在看完陈珂的一连套丝滑小连招之后,张择端觉着自己不用等了。
这位陈老爷要是解决不了后续的事情就奇了怪了,所以他干脆利落的举了白旗表示投降。
在外面的环县热热闹闹的等待分田地的时候,陈珂看着面前的拜帖挑了挑眉。
“最后一块拼图,来了。”
他看向身旁的陈牧:“快请张指挥使进来。”
陈牧也是连忙去请,而陈珂则是在脑海里面回想着这位指挥使的身份来历。
不过片刻的功夫,张择端就走了进来。
陈珂连忙站起来笑着说道:“哈哈哈哈,久闻指挥使大名,今日竟然能够得机会见到,实在是陈某的荣幸啊。”
听着陈珂的话,张择端心里最后的那一点芥蒂也是消失了。
他看着陈珂,同样十分谦卑和热情的说道:“陈大人这话说的倒是客气了,我也是久闻陈大人高名啊,外面这正传唱着陈大人“陈青天”的美名呢。”
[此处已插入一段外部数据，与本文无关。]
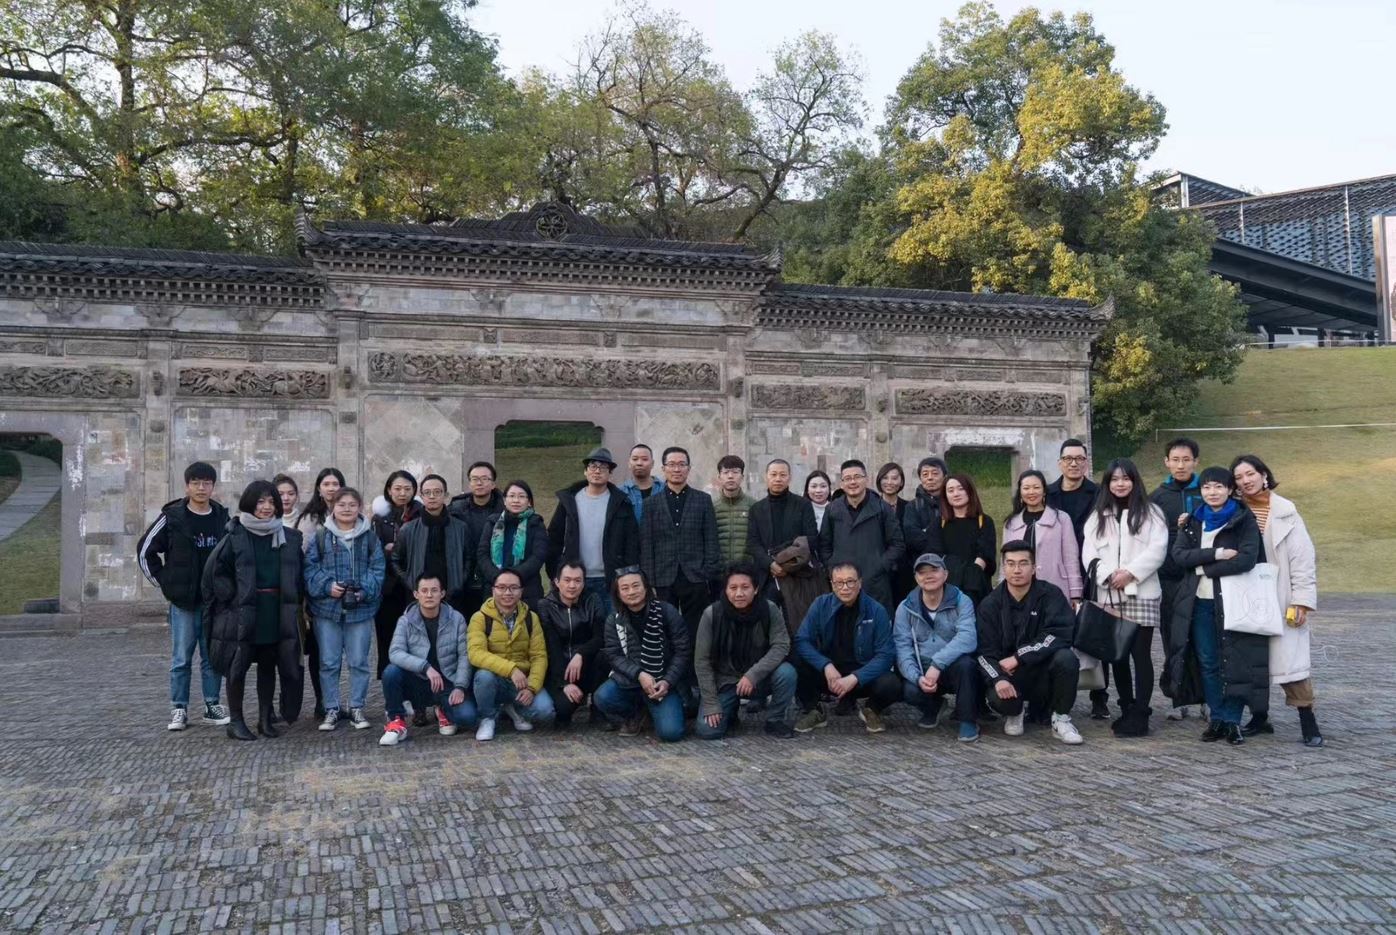 Zigeng Wang was Invited to Attend the 2019 Perception Forum at the China Academy of Art School of Intermedia Art: Creative Collective as a Method

两人互相客套着,客套着客套着张择端的心里就充斥着满意了。
原本他主动来找陈珂是有点不屑的,毕竟以他的出身,主动来求见这位“商人大族”的小少爷多少是有点不舒服的。
这是权贵们一定会有的想法。
可陈珂的热情、礼貌、客气,以及主动的递出台阶,却是让张择端心里越发的满意了起来。
那一抹有可能影响到日后“友谊”的芥蒂也完全消失。
他主动拱手道:“其实这一次前来,是有要紧的事情求陈大人帮忙的。”
张择端叹了口气,主动的说起来自己来到安平所后的困境。
“原本想着陈兄若是解决不了这环县内的事情,张某尚且可以雪中送炭,以此来换得陈兄恩情,一同辖管治地,可如今情形却是让张某知道,何为坐井观天了。”
他看着陈珂,诚恳的说道:“陈兄可能帮我?”
陈珂皱着眉沉思着,片刻后却是恍然一笑,他看着张择端问道:“张兄,你可知弟是如何解决环县内部问题的?”
他轻声道:“有三样法宝。”
“其一,团结-批评-再团结。”
“其二,利益。”
“其三,权势。”
“长兄要解决问题,也唯有握紧这三种办法,但依照陈某看来,张兄的问题还有一个更好的解决办法,甚至比陈某解决环县还要简单。”
张择端听着陈珂的分析,起了兴趣。
权势?利益?团结-批判-再团结?
更加简单?
他越发的觉着自己这一次来对了,当即看着陈珂问道:“陈兄,怎么说?”
陈珂不紧不慢的替张择端分析着如今的情形。
“指挥同知以及几个指挥佥事、卫镇抚才有多少人了?整个卫所中最多的还是那群普通的士卒们。”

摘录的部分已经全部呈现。